ヤマサキの日暮里富士見坂の運動を私が手伝ってないのに、ヤマサキは私の呼びかけなどを谷根千ホームページの情報トピックスの欄に埋め込んでくれたので、軽く簡単に送れようになった。根岸の清水ますみさんからは「富士見坂の命がけのヤマサキさんに殉じる準・命がけ」という清水さんも、八ッ場のほうもたくさん広めてくれている。30年を越す同志、あんたがいるから私もがんばれるよ。
2月15日
2013年2月26日 火曜日きのう、作家の黒川創さんとメールでおしゃべり。賛同は彼なりの考えがあっていただけなかったが、私が30代で彼が20代で、世田谷区の編集ワークショップのインストラクターをした時のことをまざまざと思いだした。だいいち、「谷根千」を京都で最初に発掘してくださったのは父上の北沢恒彦さんだったし、そこから鶴見俊輔さんにもお目にかかったり、北沢さんはロンドンの森嶋さんともつながったり、と人間の不思議な網の目と考えてパソコンの手が止まった。
私のメールアドレスがさらされないように、守本さんがyamba@yanesen.comというあたらしいメアドを作ってくれた。やまんばになった気分。
「ここまで来てしまったのだから、ちゃんとダムをつくってくれ、という『地元の声』とされているものは、ハラキリを途中でとめられている人が相手に介錯をせまっているような、悲壮なものに感じます」。黒川さんのメールの言葉を何度も読み返し、ちょっと意気消沈してしまった。でも、私は八ッ場ダムは間違っているし、作ったらもっと大きな禍根を残す、という自分の信念に殉じざるを得ない。躯体の強度、地すべりの危険、上流の火山の爆発、浚渫や保守管理、ヒ素と酸性水の中和、なにをとっても……。
2月14日
2013年2月26日 火曜日むかし板橋区の環境問題の委員をいっしょに勤めたきくちゆみさんが賛同してくれて、呼びかけ人にもなってくれた。

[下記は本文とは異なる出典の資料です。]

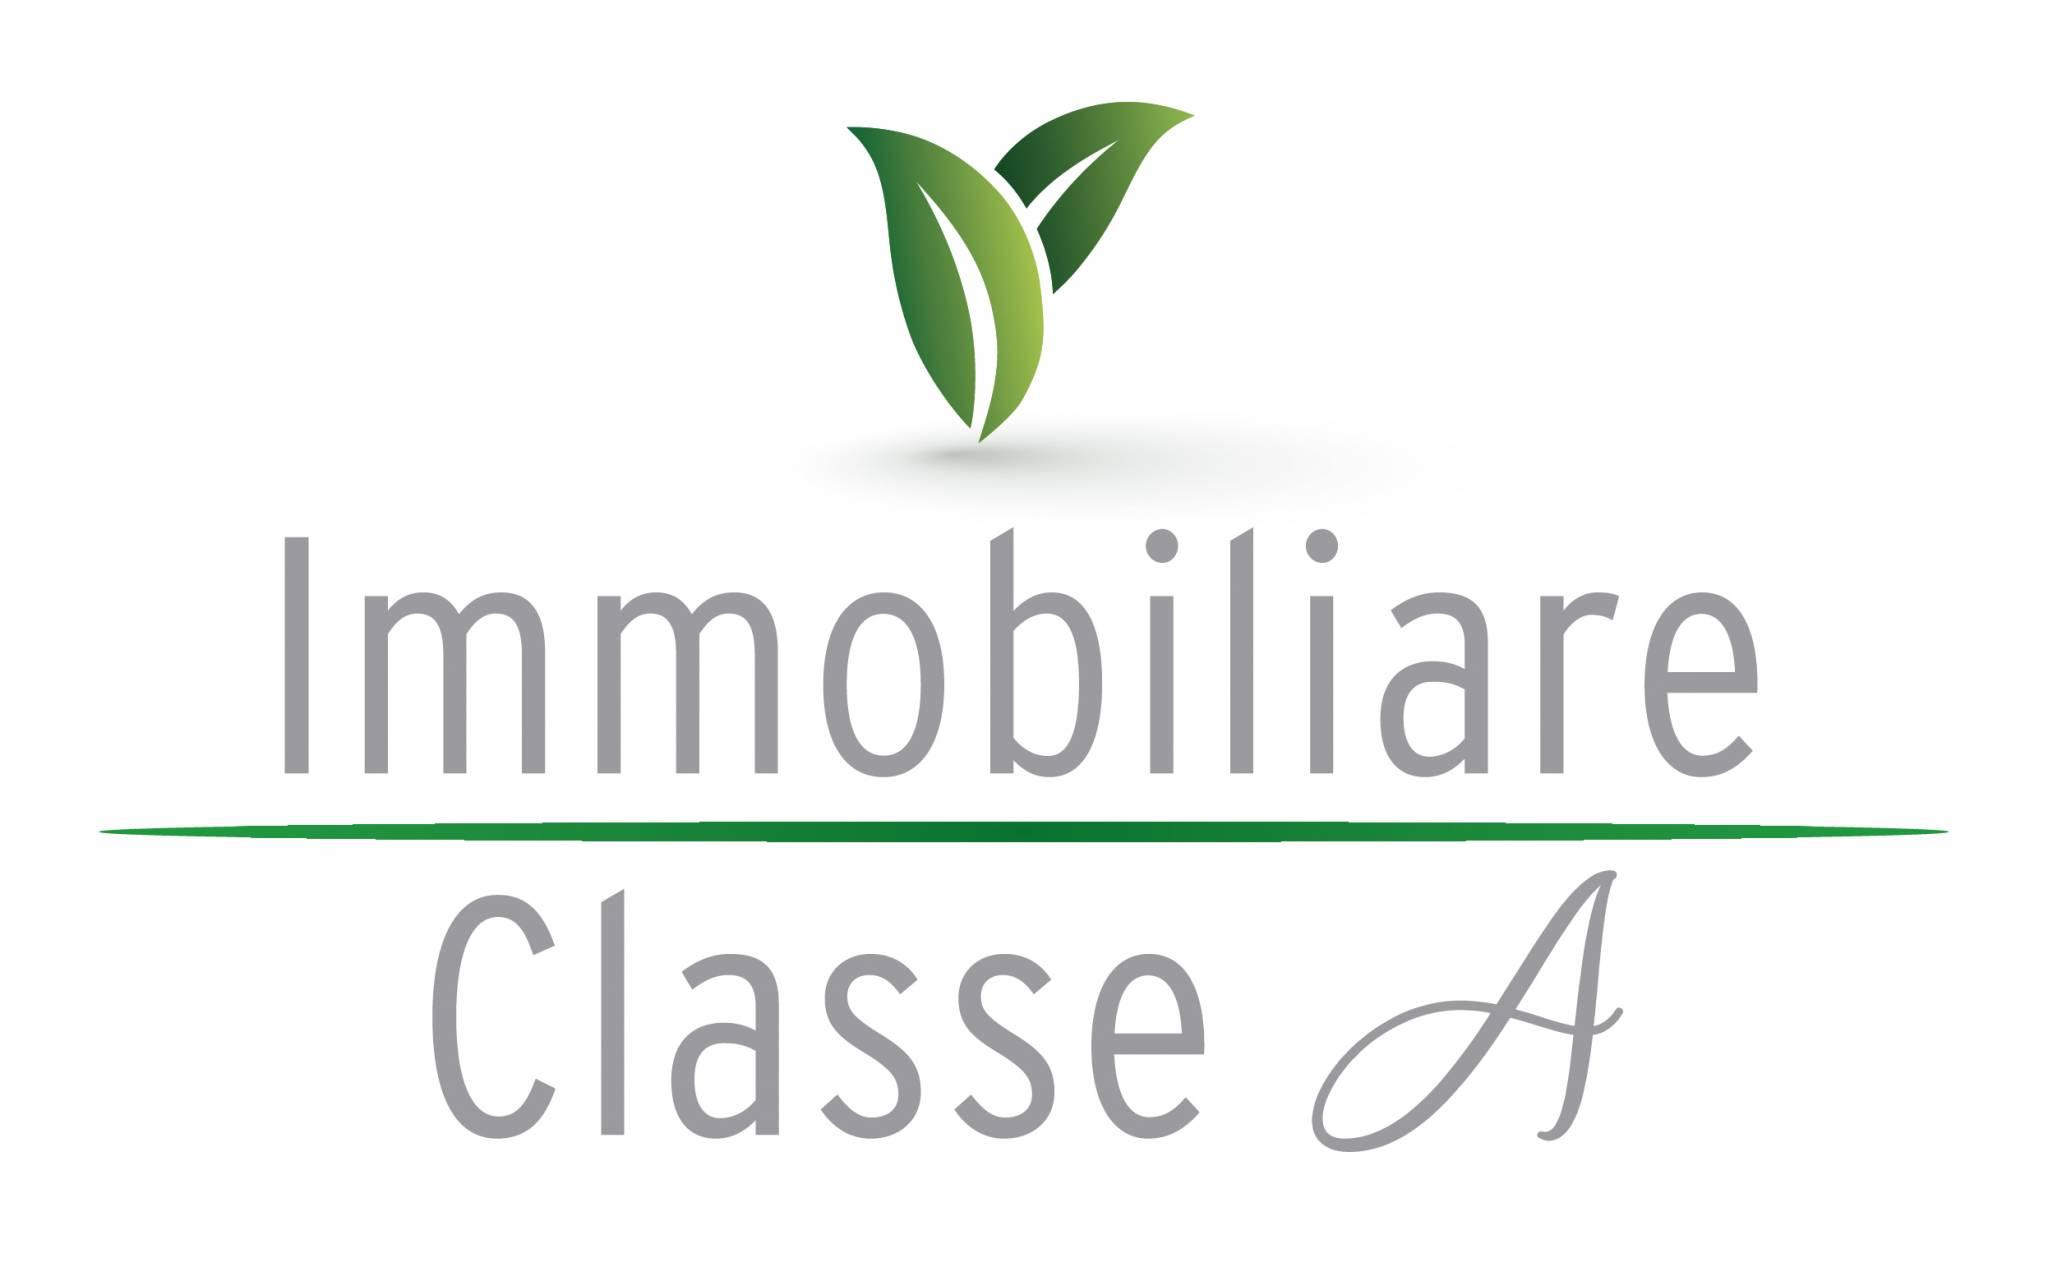 Immobiliare Classe A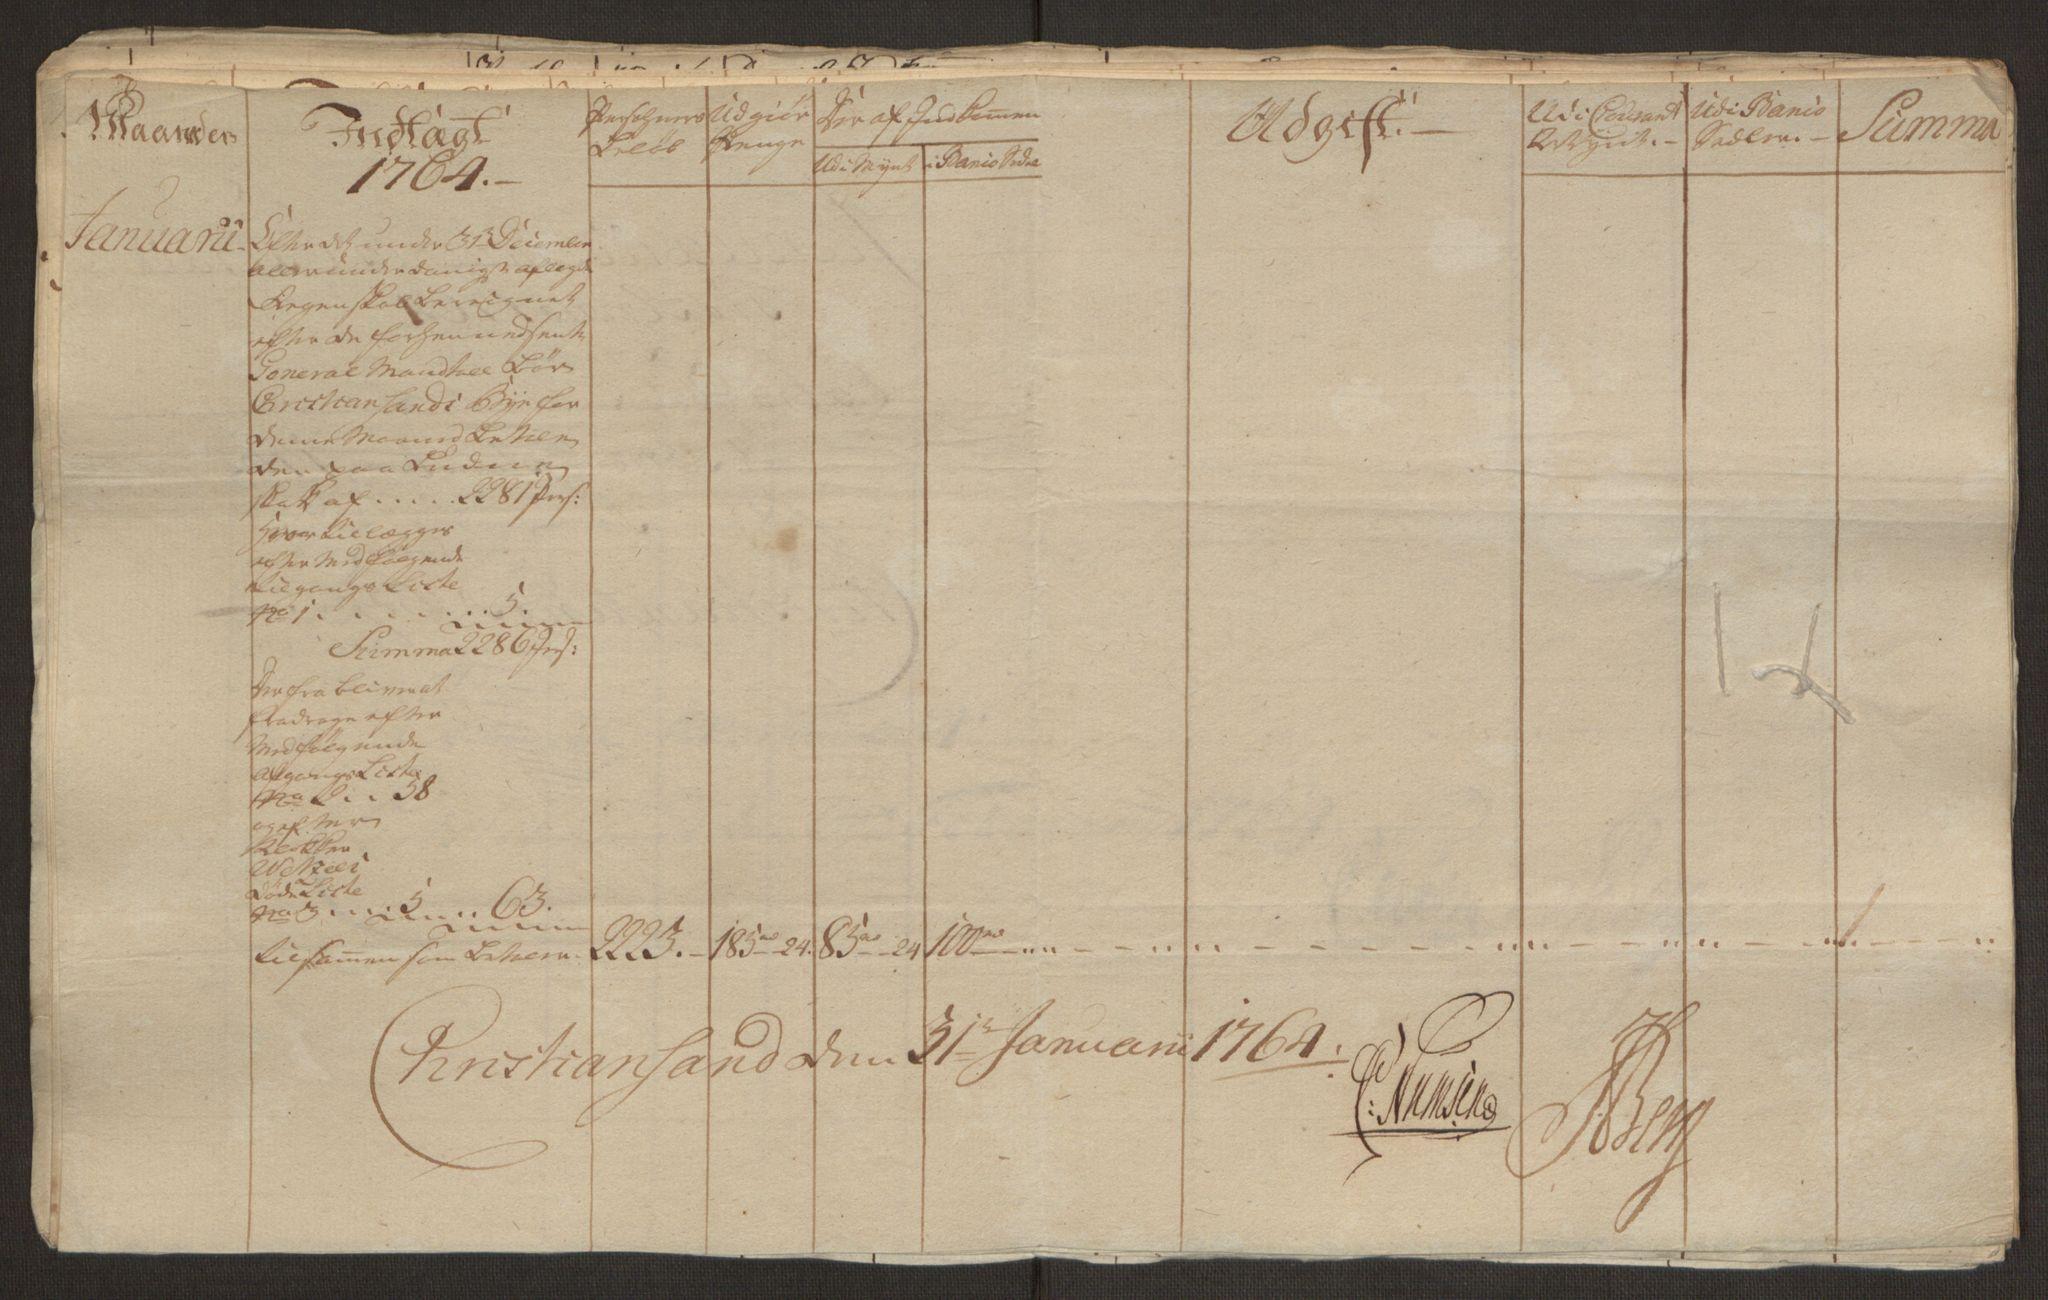 RA, Rentekammeret inntil 1814, Reviderte regnskaper, Byregnskaper, R/Rm/L0265: [M6] Kontribusjonsregnskap, 1762-1764, s. 313

20年ぶりの連絡。前から交流のある劇作家の永井愛さんも呼びかけ人に。野田知佑さん、加藤登紀子さんと入れて8人。これでいいことに。それにしても肩書きっていやな言葉である。でも名前だけだと、いくらでも仮名を作れるのだし、アピールに賛同するには、その問題に対するある程度の知識と覚悟を持たなければならない。謙遜なのか、無名人です、あくまで一個人で、肩書きはありません、と書いてくる方もいて困る。かと思うと、編集者で「会社のお名前を出していいですか」と聞くと、「出してクビになった例はないですから」なんて答えが帰って来ると、うれしくなる。公務員の方には無理してもらいたくない。ジャーナリストには賛同より報道を。